By GreatSchools Staff
If teaching was show business, then your child’s teacher would get star billing. But don’t forget about the other major player whose role in your child’s education can help make it a smash success: Yes, you, the parent.
When parents and educators co-star in a child’s big show – a.k.a. school – everybody benefits: The teachers who can count on the support of active and involved parents, the parents who stays connected to their child and school, and, most important, the child whose parents and teachers are working in tandem.
Educational research bears out the fact that academic achievement, attitude, and attendance improve measurably when parents are involved in their children’s schooling. The later elementary years are the ideal time to work at home with your child to reinforce reading and math. This is also a time when social skills play a bigger role in your child’s school life. With adolescence looming, it’s important to stay connected to school and teachers to make sure your child is staying on track.
There’s some advantage to meeting the teacher before the mid-autumn parent-teacher conference. Before the school year really gets rolling, you can help your child’s teacher get to know your child in advance. (If you don't know how to get in touch with the teacher, check in with the school's office for an email address or phone number.) Share with the teacher your child’s passions (“She loves animals.”), problems (“He like puzzles, but freaks out if he can’t finish one.”), and any other issues that may prove challenging at school (“He is shy about asking to use the bathroom.”).
If you can wait for October or November, when most first semester conferences take place, before your meeting, check the work your child is bringing home from school and talk with your child to see if she has any issues to address with the teacher. To learn about your child’s school day, ask her about her friends, her favorite subjects, what she finds interesting and what bores her. The more information you come to the meeting with, the more fruitful your teacher meeting will be. (Click here and here for more tips on preparing for a parent-teacher conference.)
Most schools host an open house in the early fall. Even if your child as been at the school for a couple of years, take advantage of this orientation to get a sense of what is in store for your child the school year. The open house is an ideal opportunity to meet the teacher, see the classroom, and find out what your child is working on. Keep in mind: Open houses are not the time to talk in-depth about your child – save those questions for a parent-teacher conference.
Many teachers welcome and need extra hands in the classsroom. Plus, even a few visits a year will give you a better sense of the teacher, the work the kids are doing, and how your child fits in with the class. Even if you can’t help in class, make it a point to attend special events like the science fair, school concert, or school picture days. Your presence sends a message to your child that school is important.
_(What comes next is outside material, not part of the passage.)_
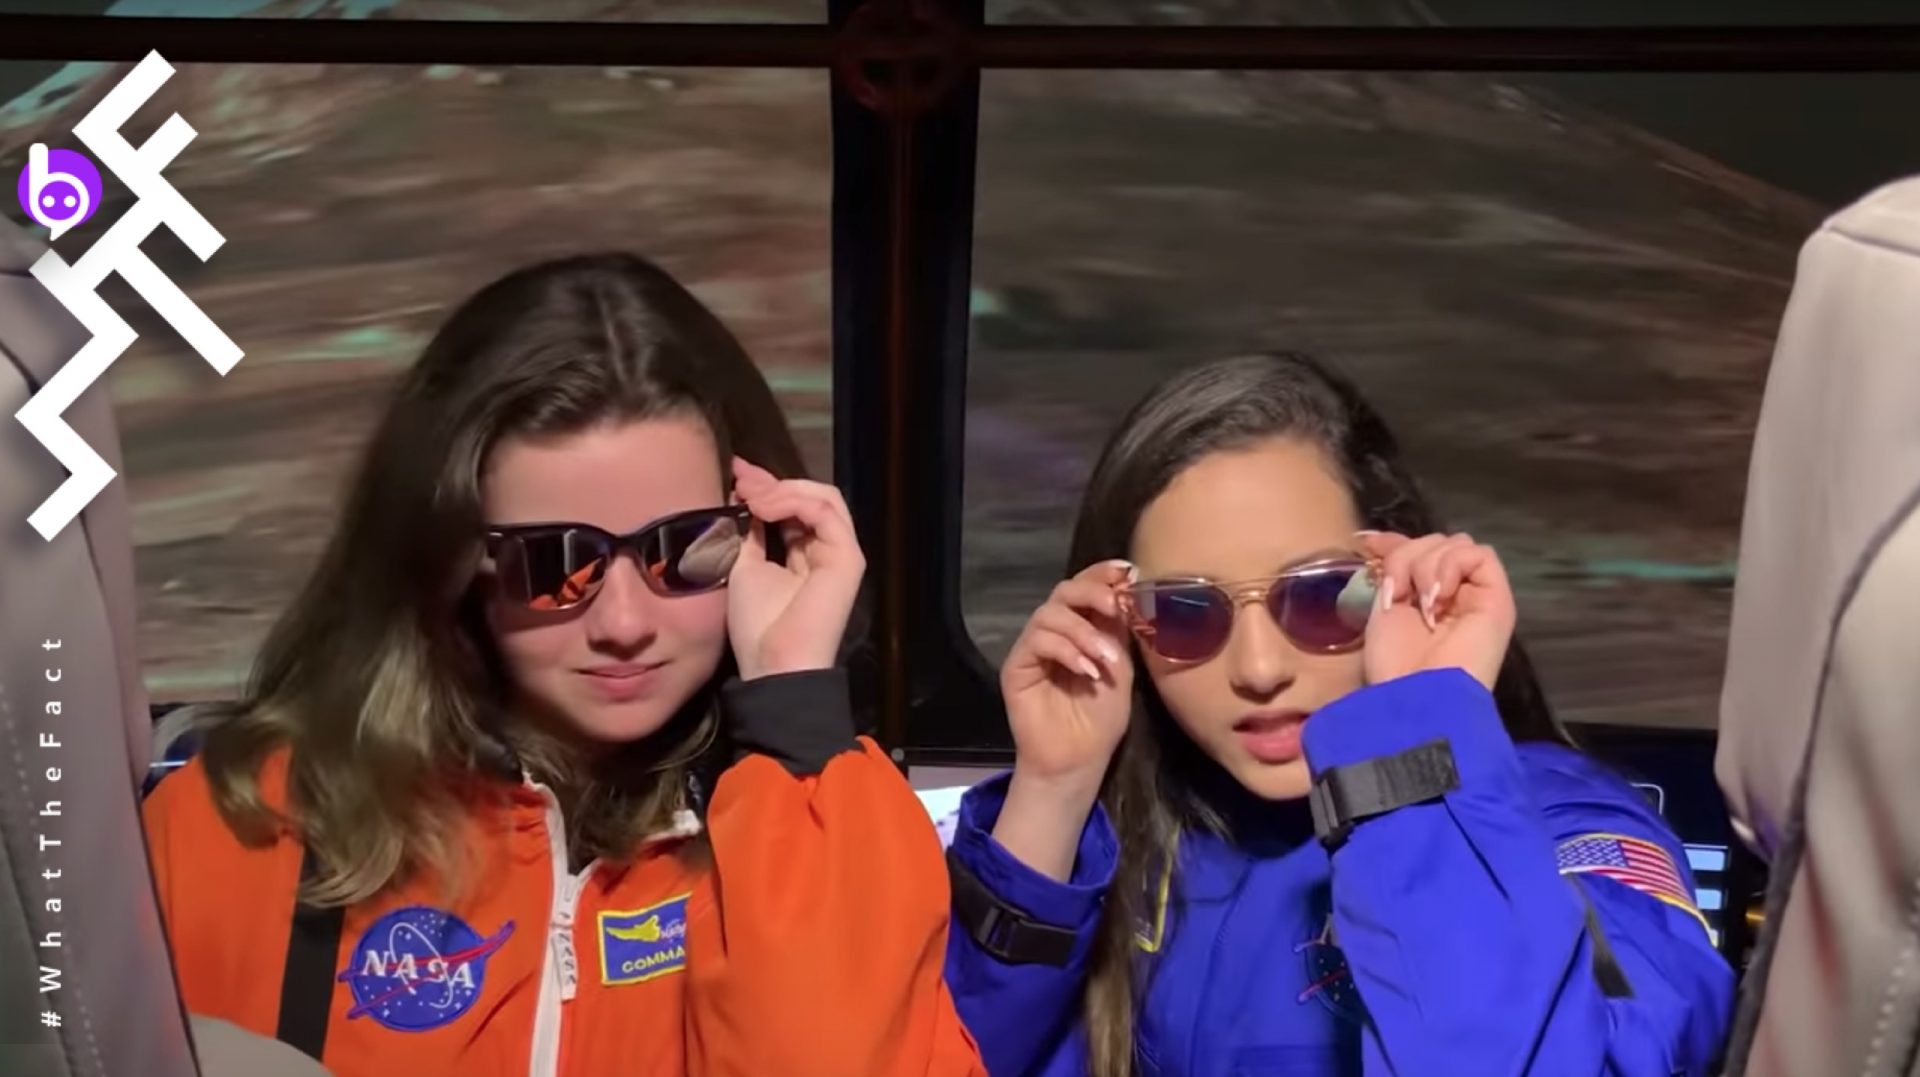 อย่างฮา!! เมื่อเด็กฝึกงานนาซ่าเอาเพลง “NASA” ของ “Ariana Grande” มาทำวิดีโอรีมิกซ์ซะ

You can also offer your support by asking the teacher if there are any tasks that you can do from home such as typing the newsletter or calling classroom parents to remind them of an upcoming event. If you have a special skill – you’re a computer whiz who can set up the students new laptops or an artist who can help with a holiday project– offer to come in and share your expertise with the class. (Click here for more ideas on volunteering in the classroom.)
To keep communication between you and the teacher open, keep in touch with the teacher throughout the year. Remember: to better help your child, most teachers want parental input. If you’re not able to get into the classroom, set up a regular schedule to check in with the teacher. Also, find out if the teacher posts homework or other assignments on the web. If she does, check often to make sure your child is on track.
Finally, most schools have email lists for parents. Call the office to see if your school has one and how to join. Parent email lists are a valuable way for parents to learn about school events, workshops, and other news. It is also a way to meet other parents and share resources.
If your child is having specific problems at school – from conflicts with other kids to homework struggles – don’t let the problem fester. Arrange a meeting with the teacher and offer ideas for solutions. If you’re unsure what to do, ask the teacher for ideas on how you can both resolve the situation. That approach helps the teacher feel less defensive and reinforces the idea that you are a team. Try to be as specific as possible in your concerns (“My child says the words out loud when reading.” “My daughter is flipping letters.”). Even if the teacher doesn’t have an answer right away, she can be on the look-out for problems and help work with you on a solution.
Parents who get involved in parent-teacher organizations (PTOs) become true collaborators with your child's teacher and school administration. Attend PTO meetings (most meet monthly, usually in the evenings) and participate as much as you’re able. PTOs do everything from raising funds for much-needed school equipment to helping create after-school enrichment programs.
To get involved at a different level, many schools have advisory groups that work with the principal to help establish school policies. By joining, you’ll get a much deeper understanding of how the school works and be a part of improving your child’s school and classroom.
There may be no better way to partner with your child’s teacher than to maintain a supportive academic environment at home. Check in with the teacher a few times during the school year to ask what you can do at home to reinforce the work your child is doing in school. Working with your child at home helps him understand that home and school are connected. It will also give you an insight into how your child learns, which can help when you have parent-teacher conferences. (For more ideas on supporting your child's home work, click here.)
Finally, one single question can work magic to strengthen the parent-teacher bond. Asking your child's teacher, “How can I help?” opens the lines of communication between a parent and teacher and makes the teacher feel they have an ally working to help your child succeed. In response, the teacher may provide you with specific ways that you, as a parent, can do to support your child’s education at home and come to school ready to learn.